Comment 15 Itamar Heim 2012-11-30 02:33:57 UTC
haim/dafna - per comment [1] can you please check if this reproduces if the VMs don't have balloon enabled?
[1] https://bugzilla.redhat.com/show_bug.cgi?id=881732#c2

Comment 16 Haim 2012-12-02 07:35:22 UTC
(In reply to comment #15)
> haim/dafna - per comment [1] can you please check if this reproduces if the
> VMs don't have balloon enabled?
> [1] https://bugzilla.redhat.com/show_bug.cgi?id=881732#c2

how do we remove the balloon configuration from the xml ? or using engine ?

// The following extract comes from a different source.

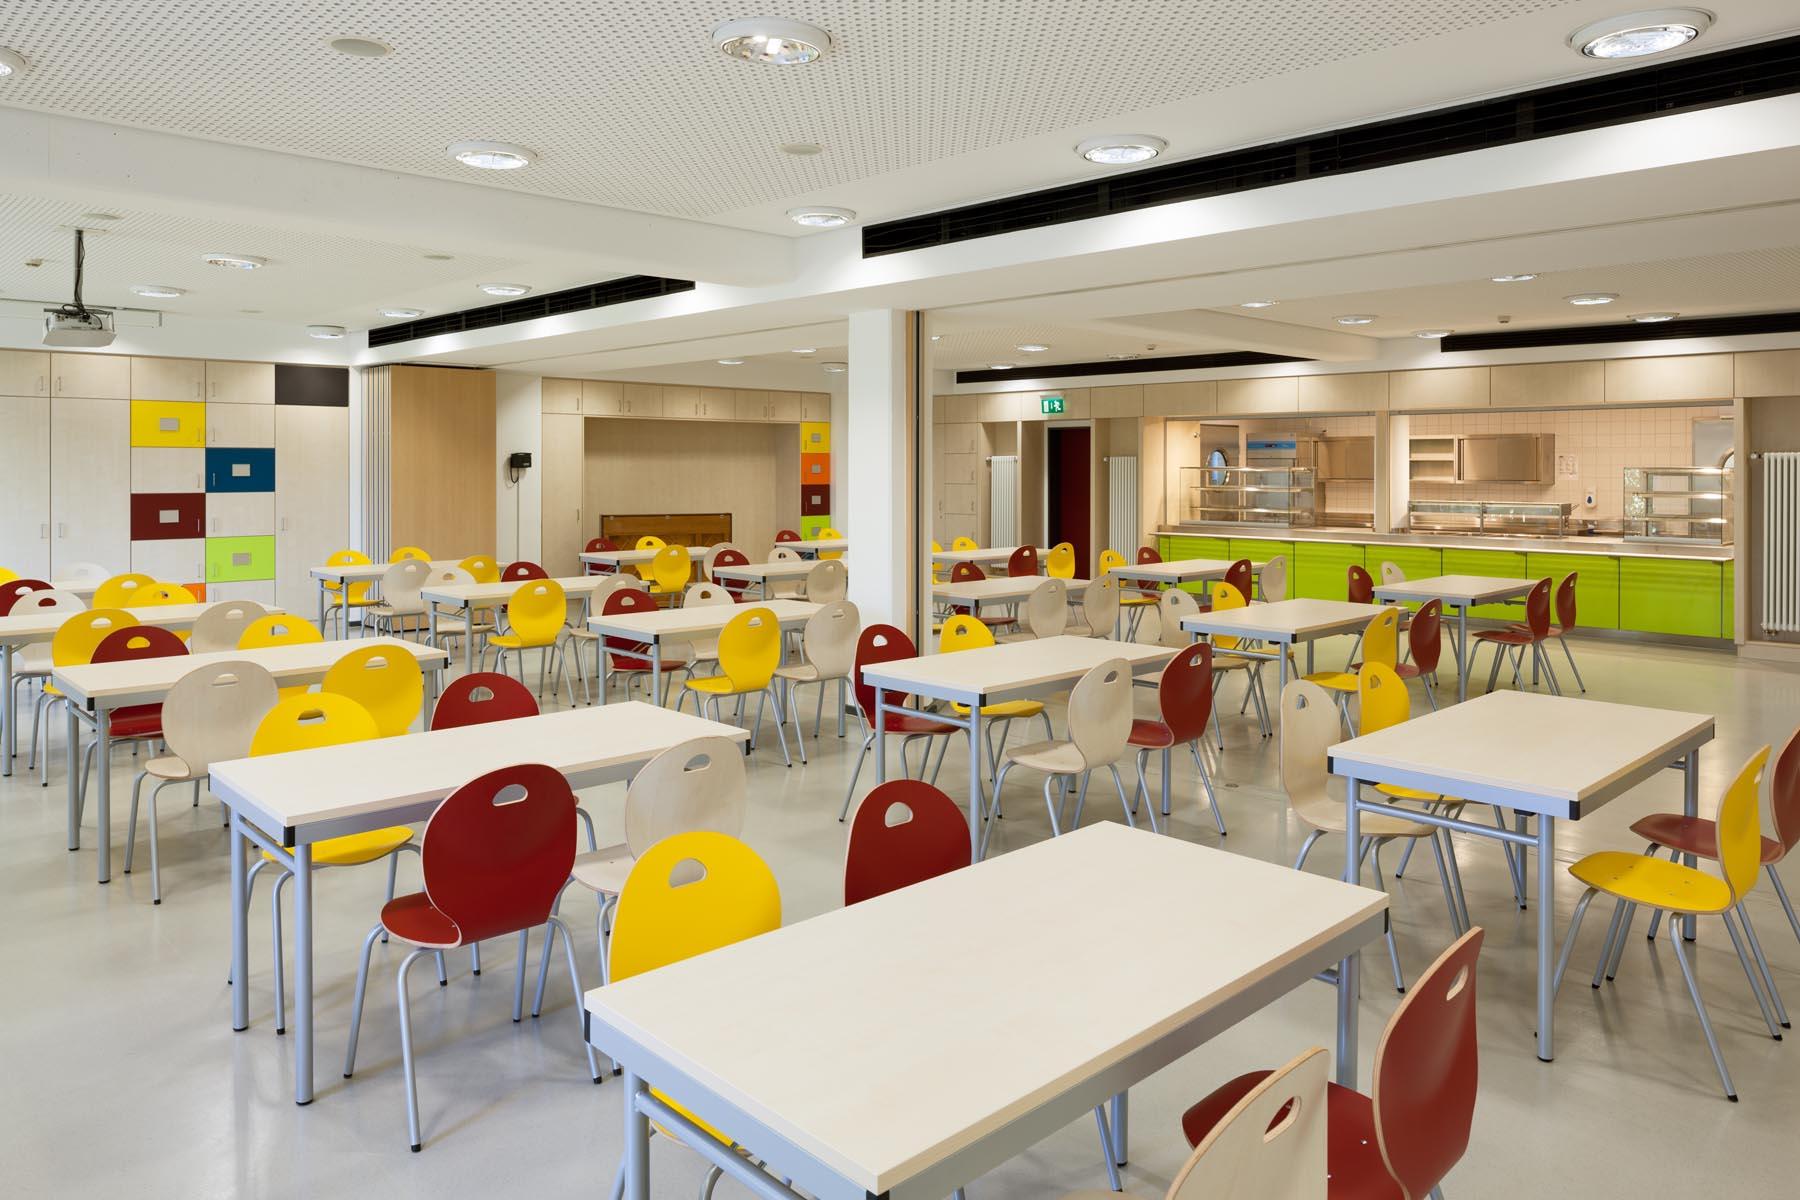 Mosaikschule Frankfurt Nordweststadt

Comment 17 Itamar Heim 2012-12-02 07:47:21 UTC
(In reply to comment #16)
> (In reply to comment #15)
> > haim/dafna - per comment [1] can you please check if this reproduces if the
> > VMs don't have balloon enabled?
> > [1] https://bugzilla.redhat.com/show_bug.cgi?id=881732#c2
> 
> how do we remove the balloon configuration from the xml ? or using engine ?

it is a vm option, not exposed in UI but available via REST API

Comment 18 Michal Skrivanek 2012-12-04 08:18:17 UTC
I don't think it will actually help much. We can (liekly) get around recovery phase with no baloon device, but then we anyway start all the statistics threads polling for disk and those will get stuck as well. So do we gain anything at the end?

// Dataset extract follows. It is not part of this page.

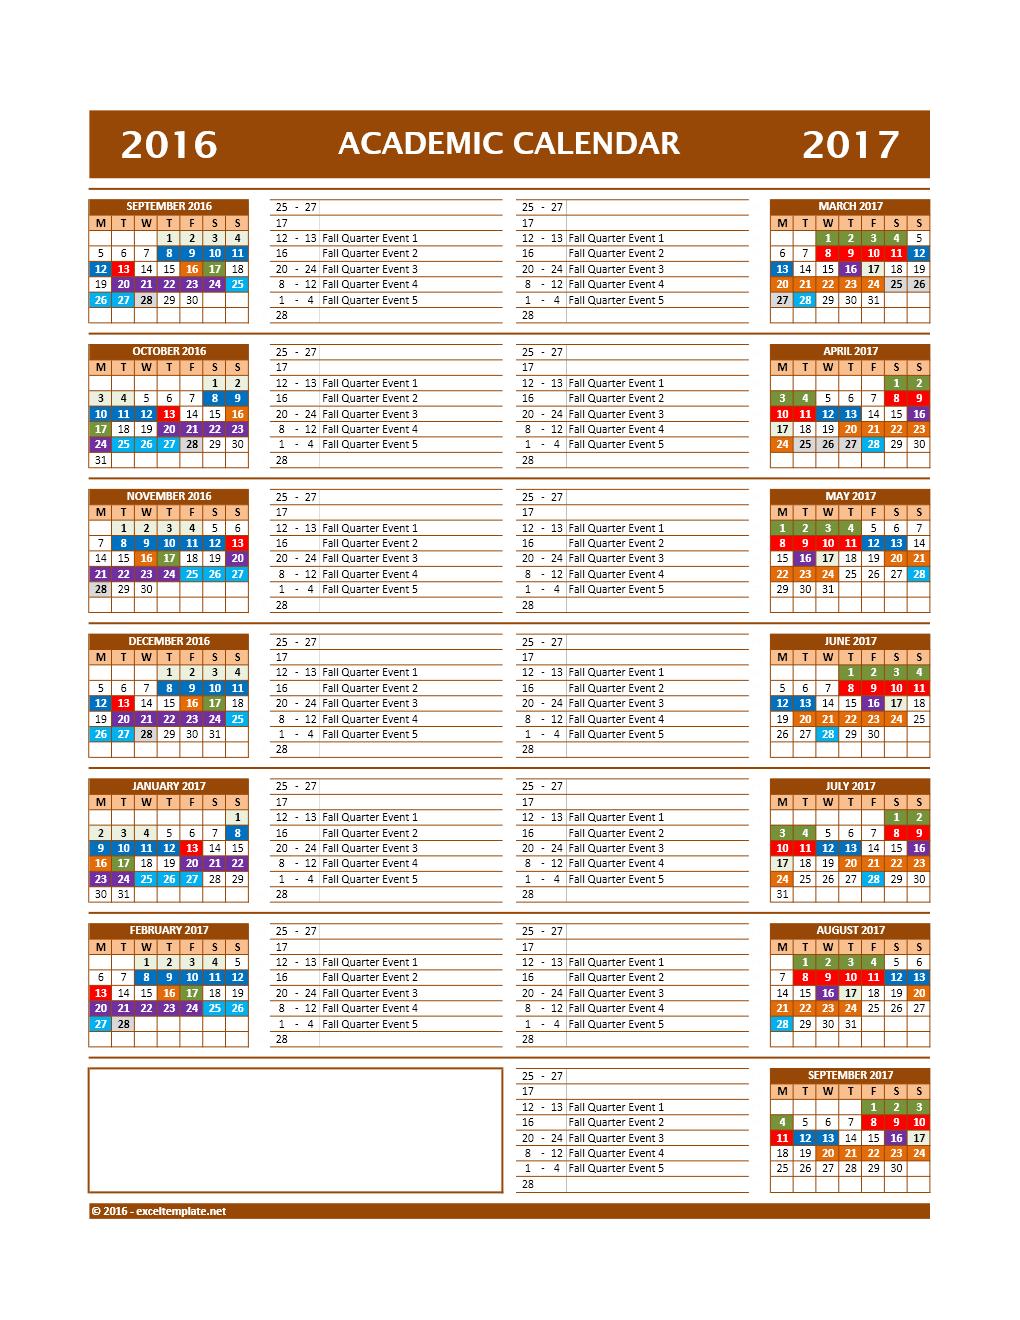 20172018 and 20162017 school calendar templates excel templates 20162017 school calendar model 12 alramifo Images

Comment 19 Yaniv Bronhaim 2012-12-04 08:35:08 UTC
The statistics threads don't effect the recovery process. 

The output of this bug is that without getting information about the vms status, vdsm shows them as non-responsive, although they all in pause state. 
In this senerio, vdsm doesn't show vms status at all until qemu returns with the  description xml.